Aim of the exercise: Copy the closing run of lines, from the one with "44 шт./компл. супер" through the last line of the listing, exactly and without any pictures.

Exercise data:
———
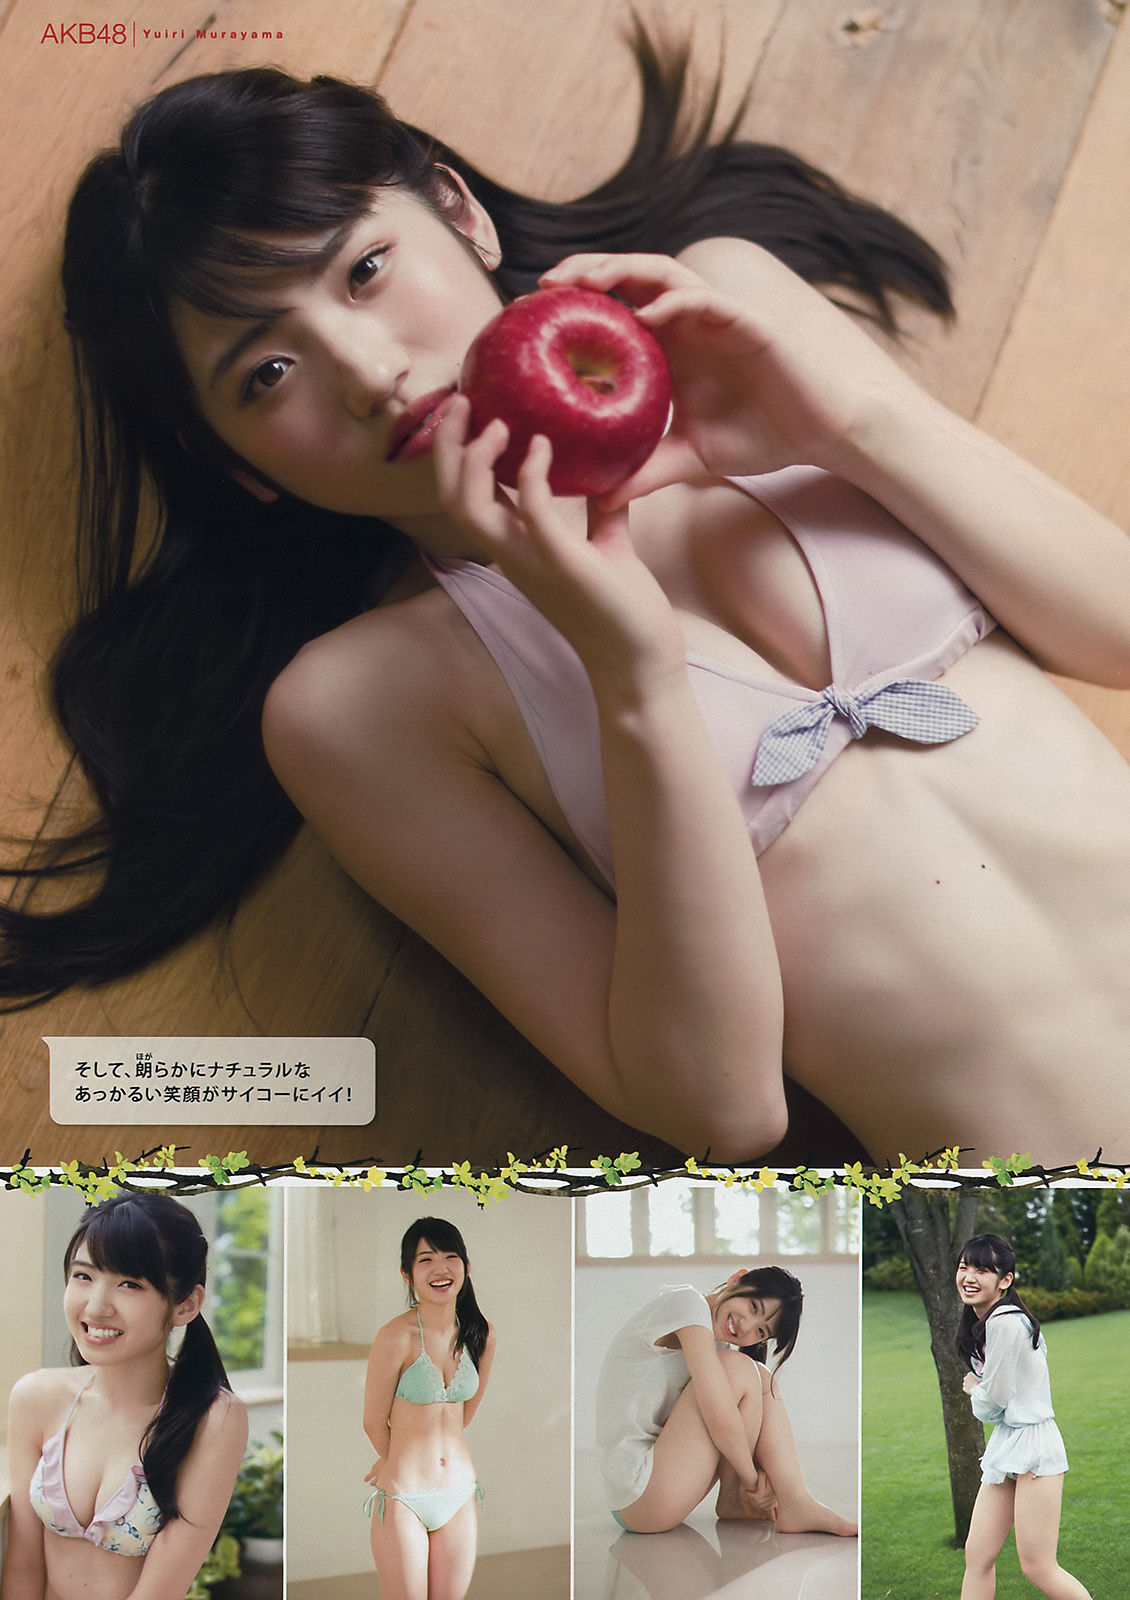 [Young Magazine] Okawa Blue, Tano Yuka, Murayama Ayaki 2015 No.31 Photo Magazine Page 4 No.8a431c
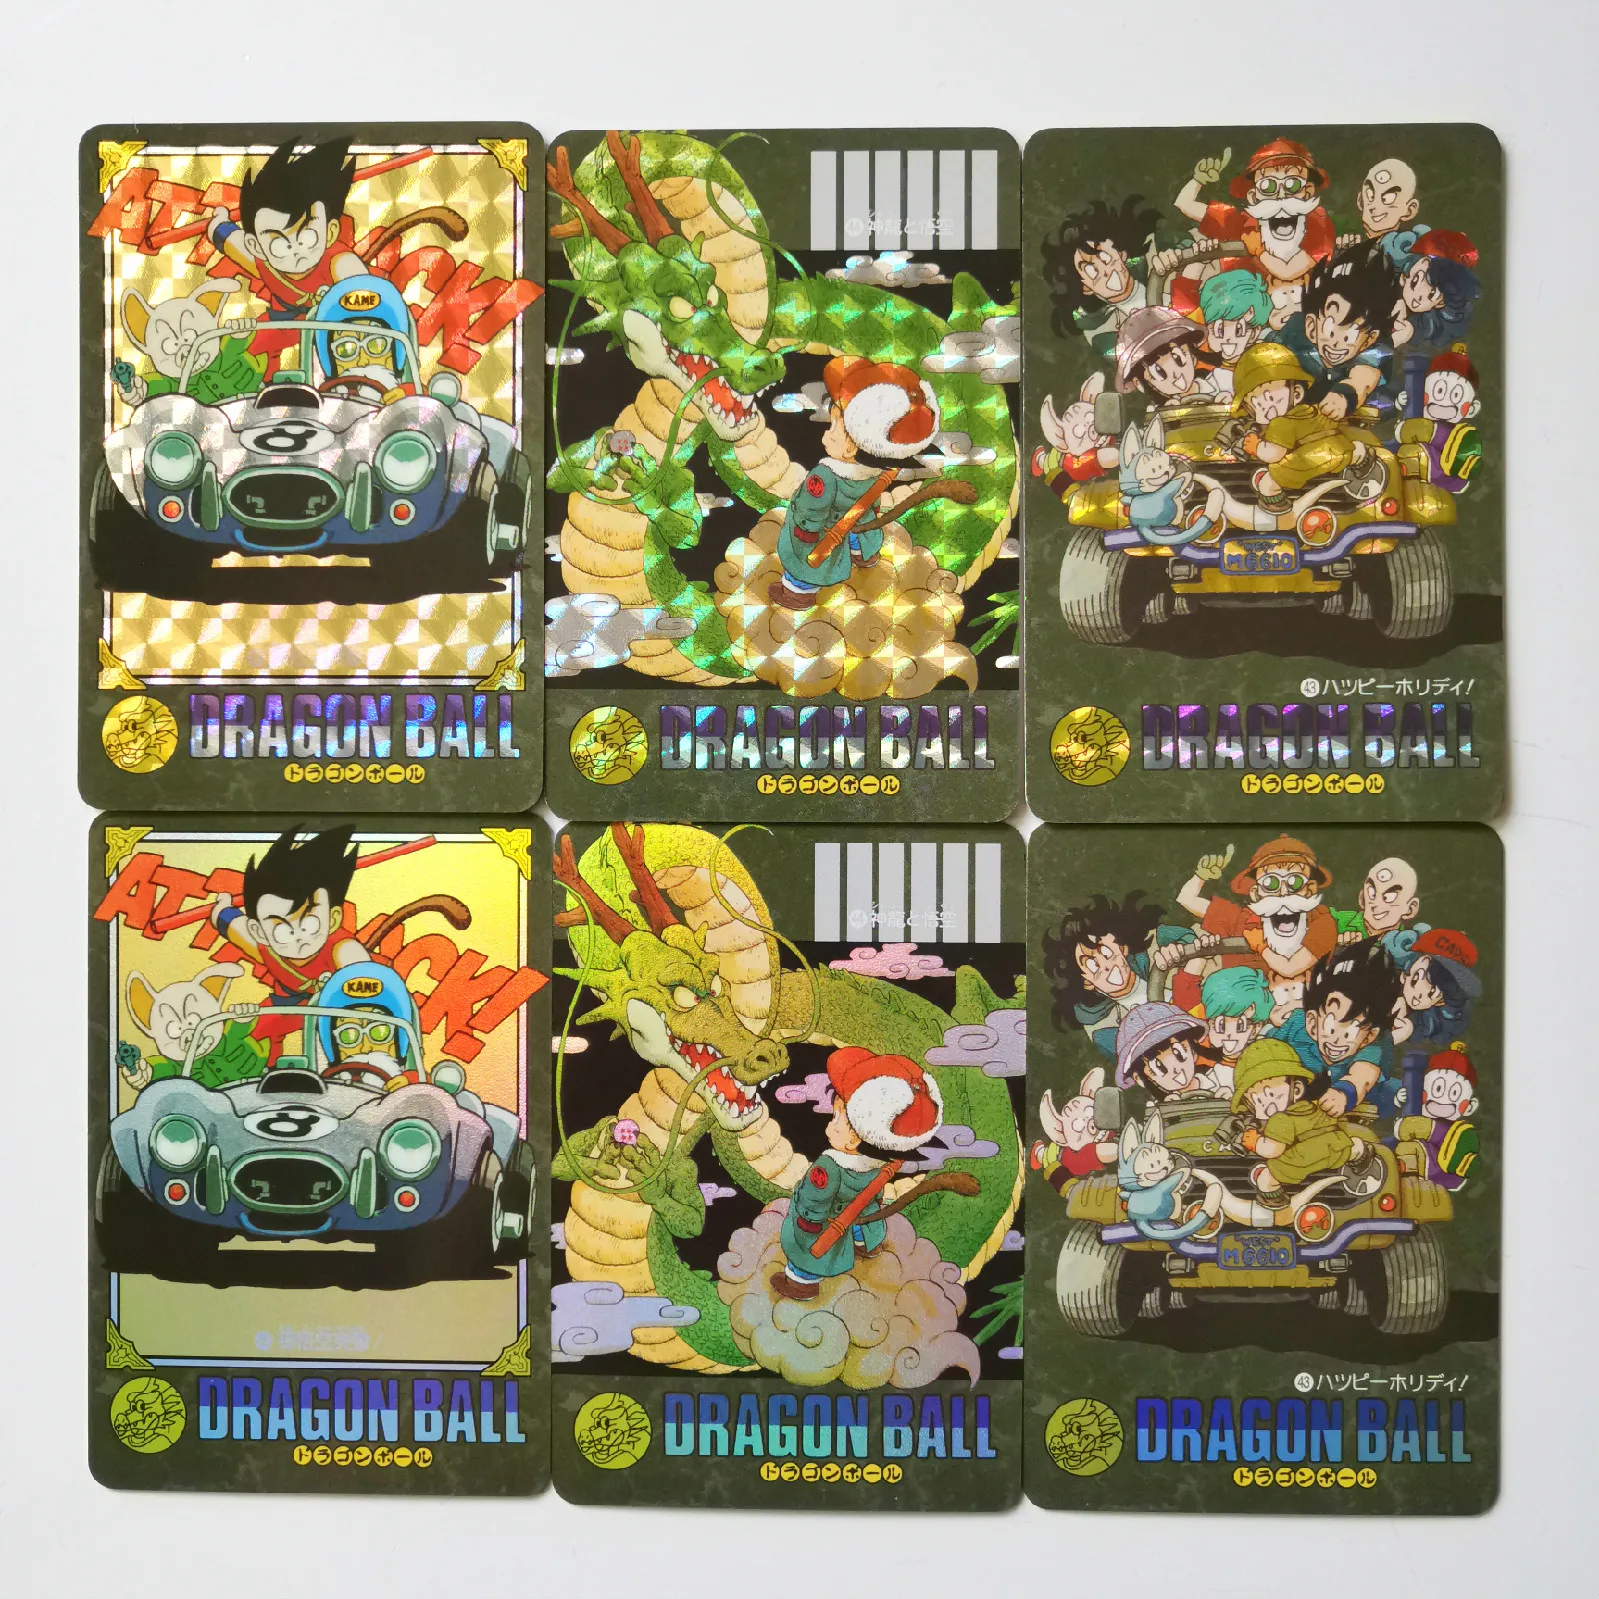 44 шт./компл. супер Dragon Ball Z тучи героев карточной ультра инстинкт персонажи Гоку, Веджета, игровая коллекция карт
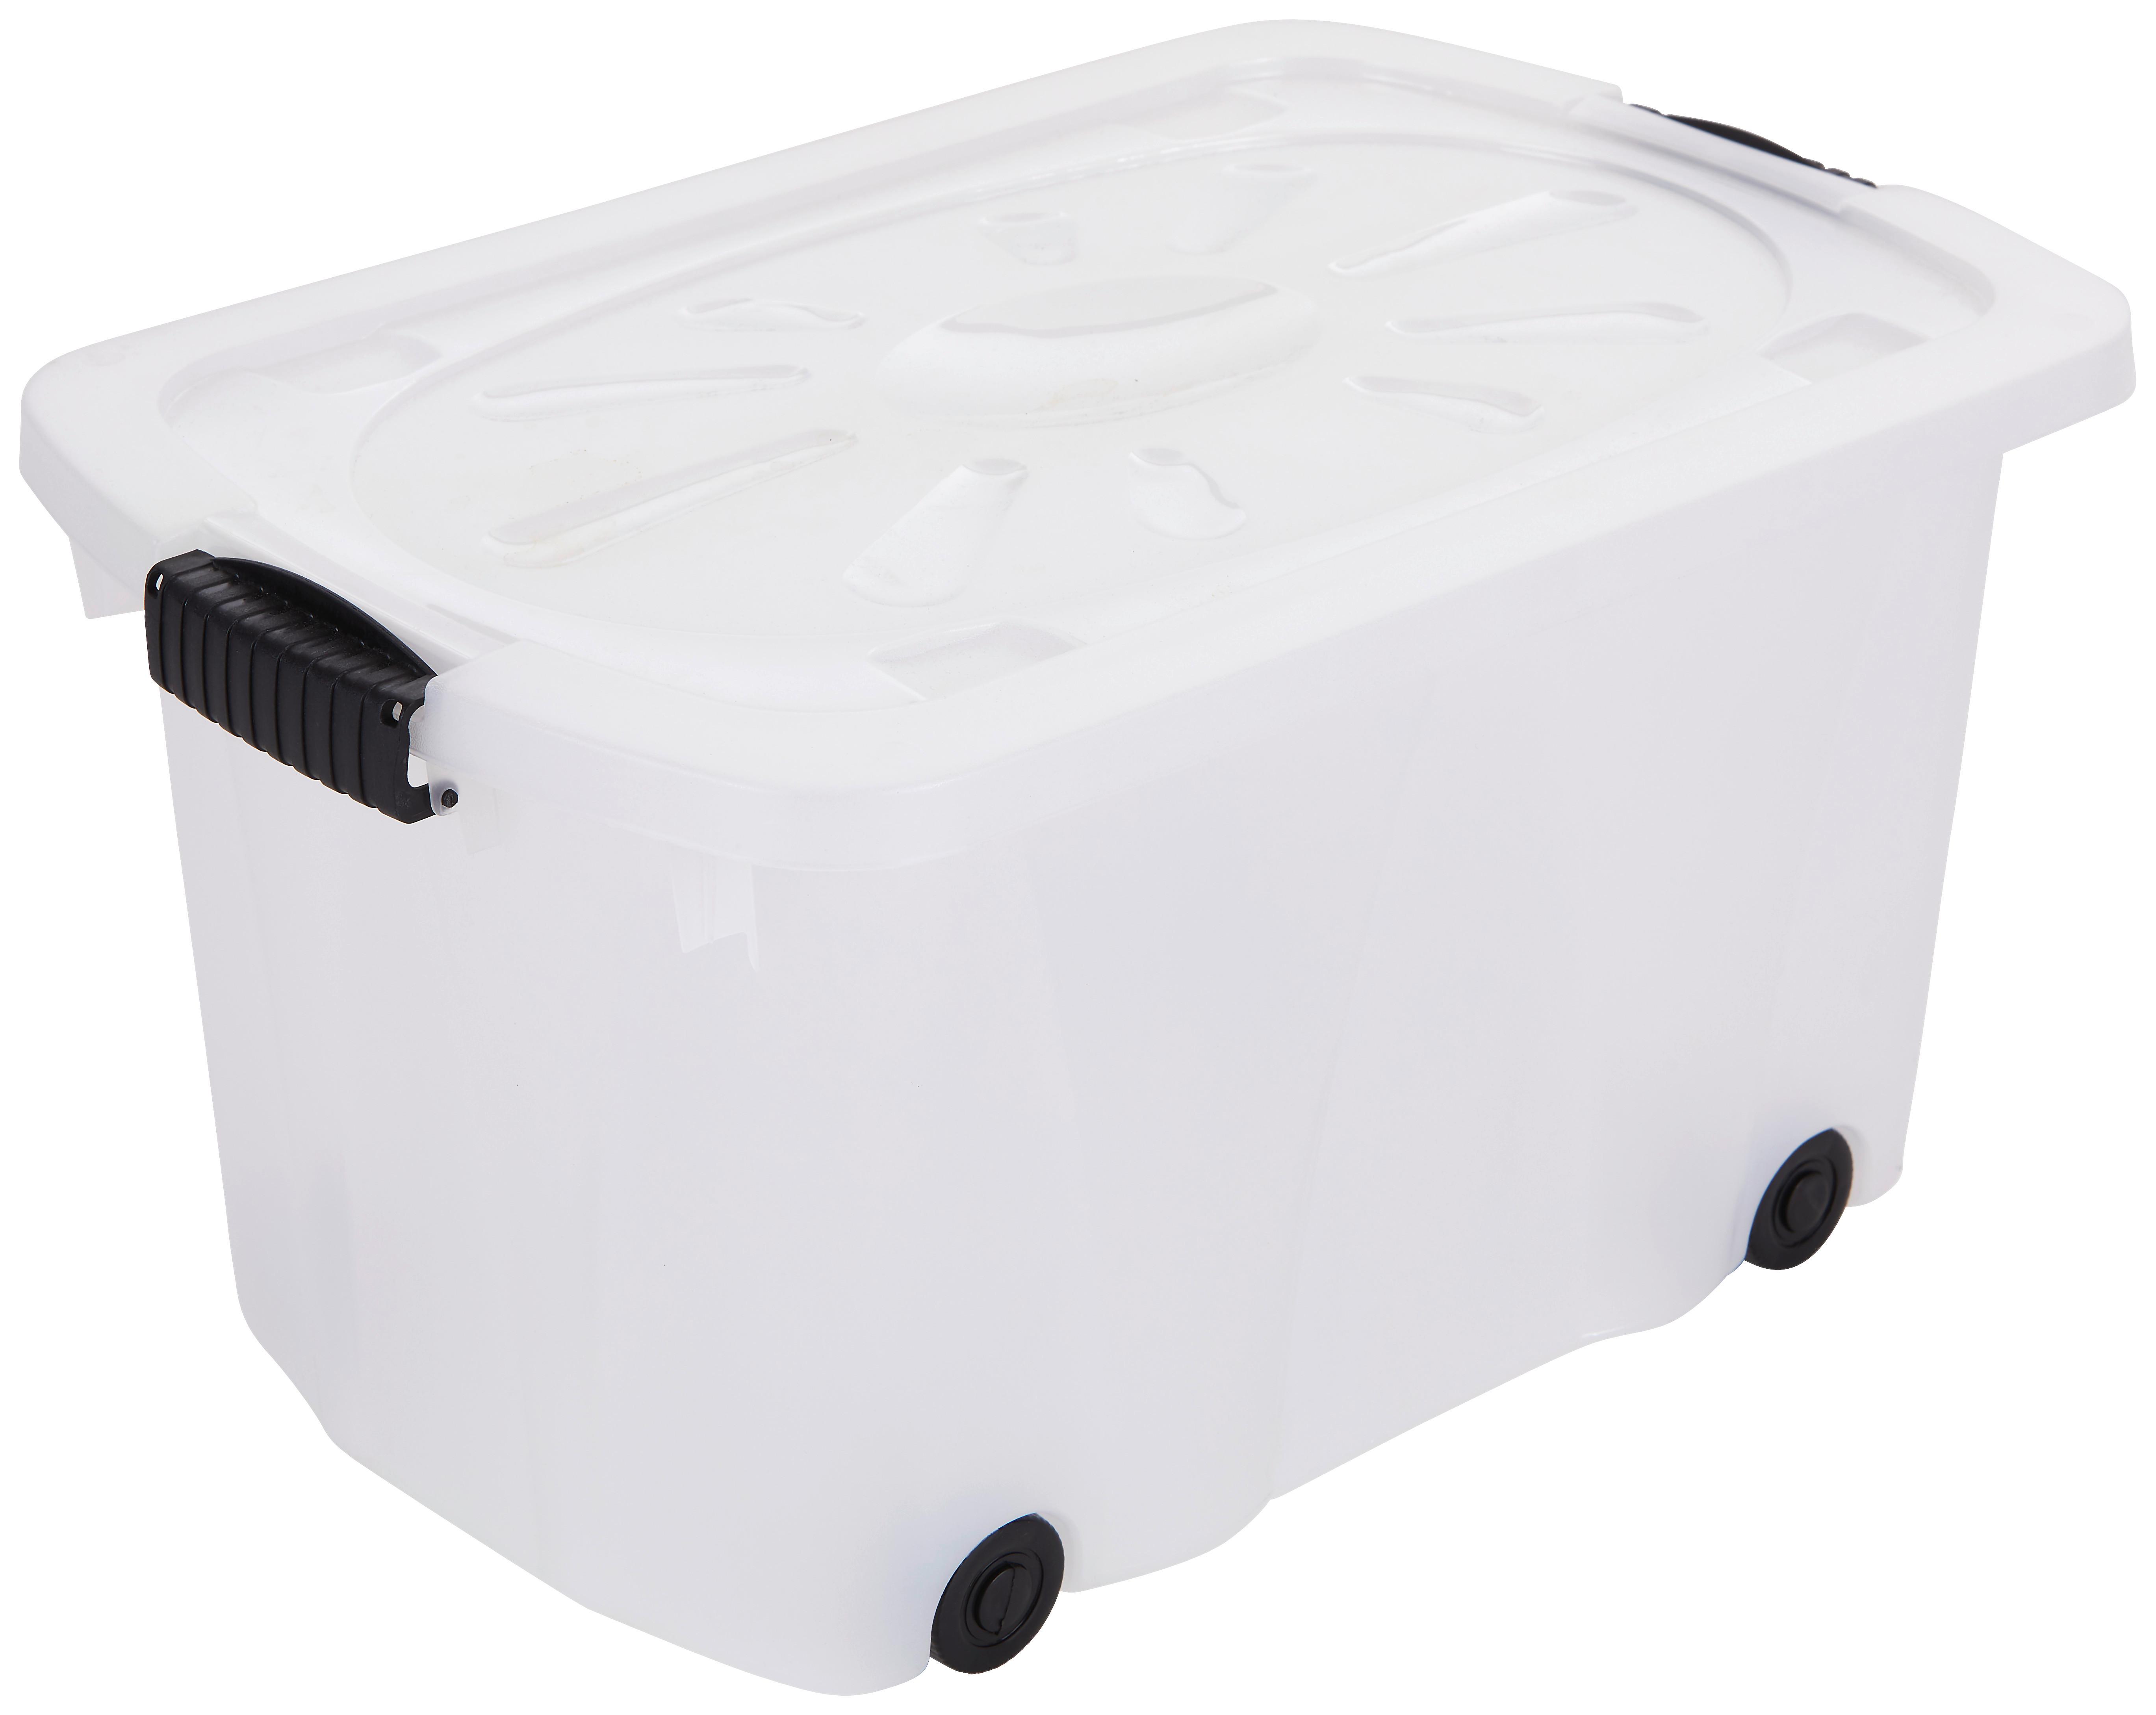 Aufbewahrungsbox Klipper + Deckel Kunststoff 58x37x31cm - Transparent, Basics, Kunststoff (58/37/31cm) - Homezone
———
Task result:
 44 шт./компл. супер Dragon Ball Z тучи героев карточной ультра инстинкт персонажи Гоку, Веджета, игровая коллекция карт
 Aufbewahrungsbox Klipper + Deckel Kunststoff 58x37x31cm - Transparent, Basics, Kunststoff (58/37/31cm) - Homezone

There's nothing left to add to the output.